The UNSC Cheonan Statement Is a Gift the US Doesn’t Deserve
I’m not surprised. Dismayed, yes. But, strangely I feel vindicated.
Friday’s U.N. Security Council statement condemning the March sinking the South Korean warship Cheonan, but not fingering the culprit, may look like another example of the grubby compromises required to close a deal here.
But it could have been a lot worse.
In the final stages of the closed door negotiations of the text, North Korea’s veto-wielding champion, China’s U.N. envoy Li Baodong, sought to gut the statement of any language that even hinted at North Korean responsibility, diplomats familiar with the talks told Turtle Bay.

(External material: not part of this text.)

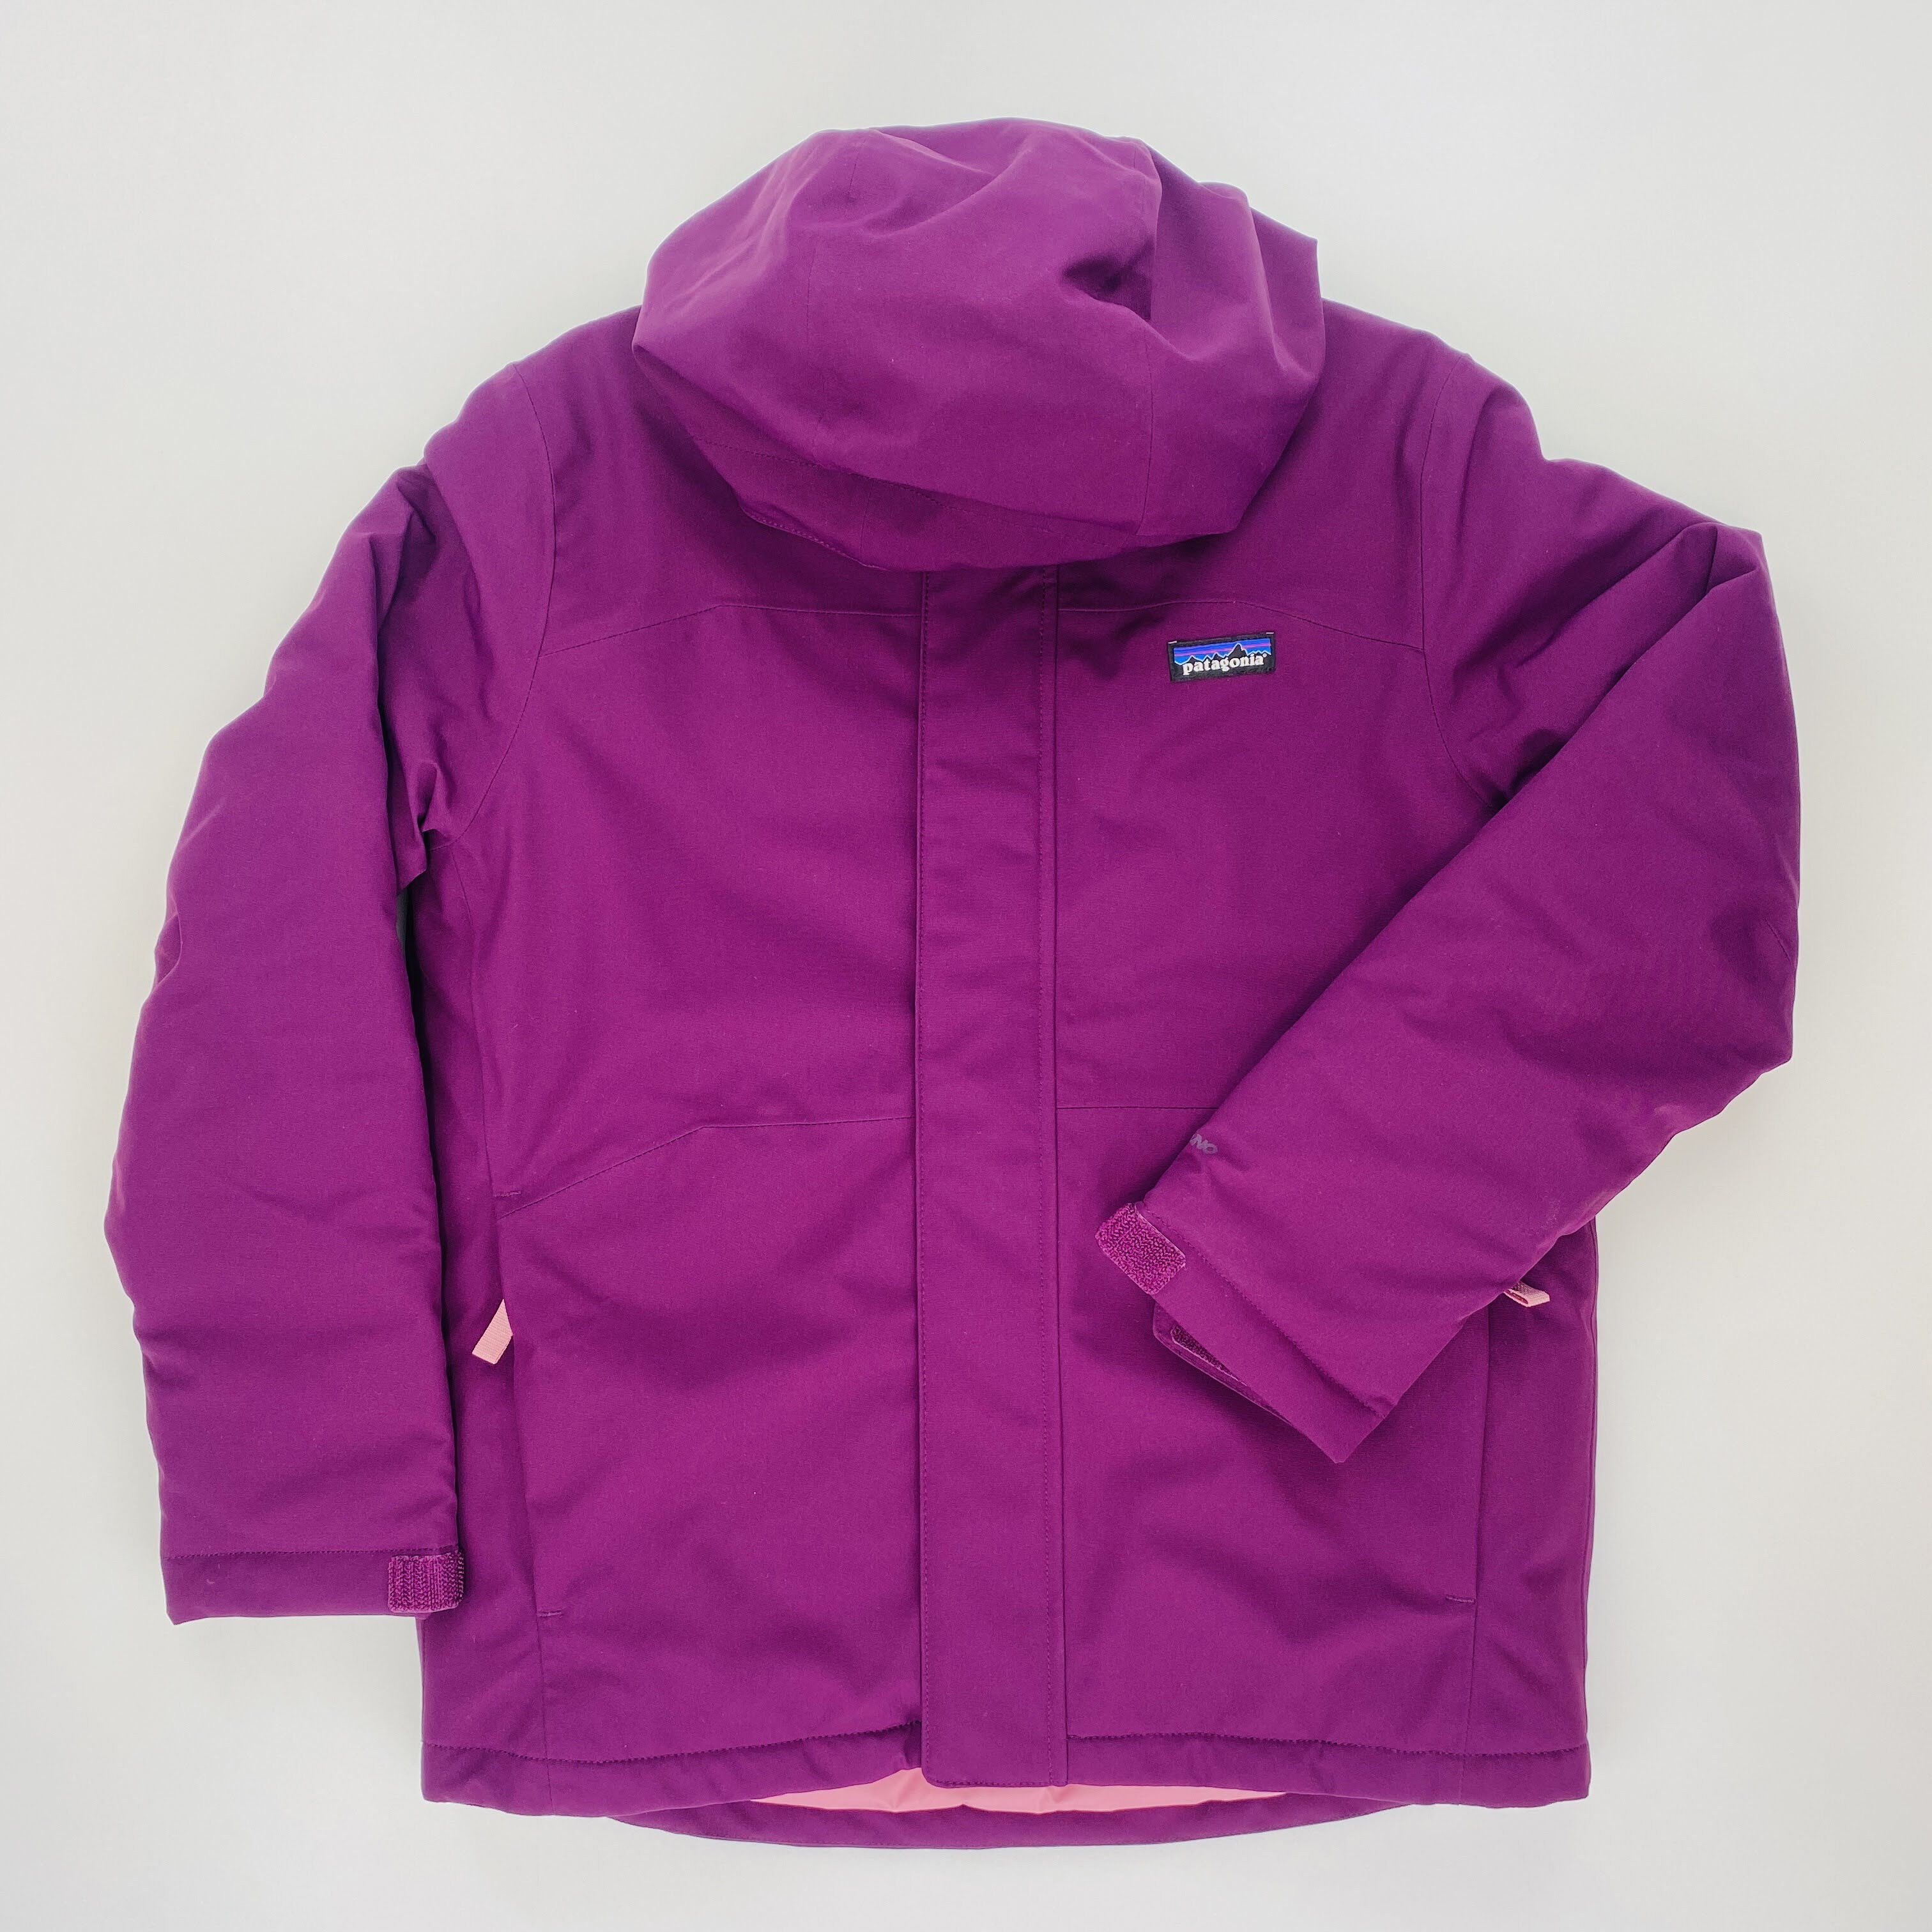 Patagonia Boys' Everyday Ready Jkt - Hand Waterproof jacket - Kid's - Purple - M / 10 | Hardloop

China’s efforts on behalf of North Korea reflected Beijing’s concern that its nuclear-armed neighbor might respond provocatively if it were confronted by a direct charge of committing an act of war. So, China dedicated weeks of its considerable diplomatic firepower to lessening the sting of the U.N. response.
For instance, China proposed replacing four references in the statement to the word “attack “– as in the Cheonan suffered an attack — for the milder words “incident” and “act,” those officials said. The watered down language would have made it easier for North Korea to suggest, for example, that the Cheonan had been split in two by accident.
So, instead of condemning the “attack which led to the sinking of the Cheonan,” the Chinese wanted to condemn the “act which led to the sinking of the Cheonan.” It may not sound like much of a difference. But it’s an important one: the American negotiators, led by U.S. ambassador Susan E. Rice, have based their contention that the U.N. statement really does blame North Korea for torpedoing the South Korea vessel on the fact that nobody else but Seoul’s mortal enemy, North Korea, had a motive for mounting an attack.
“This statement is notable, and I think is clear because in the first instance, it uses the term attack repeatedly, which you don’t have to be a scholar of the English language to understand it’s not a neutral term,” Rice said.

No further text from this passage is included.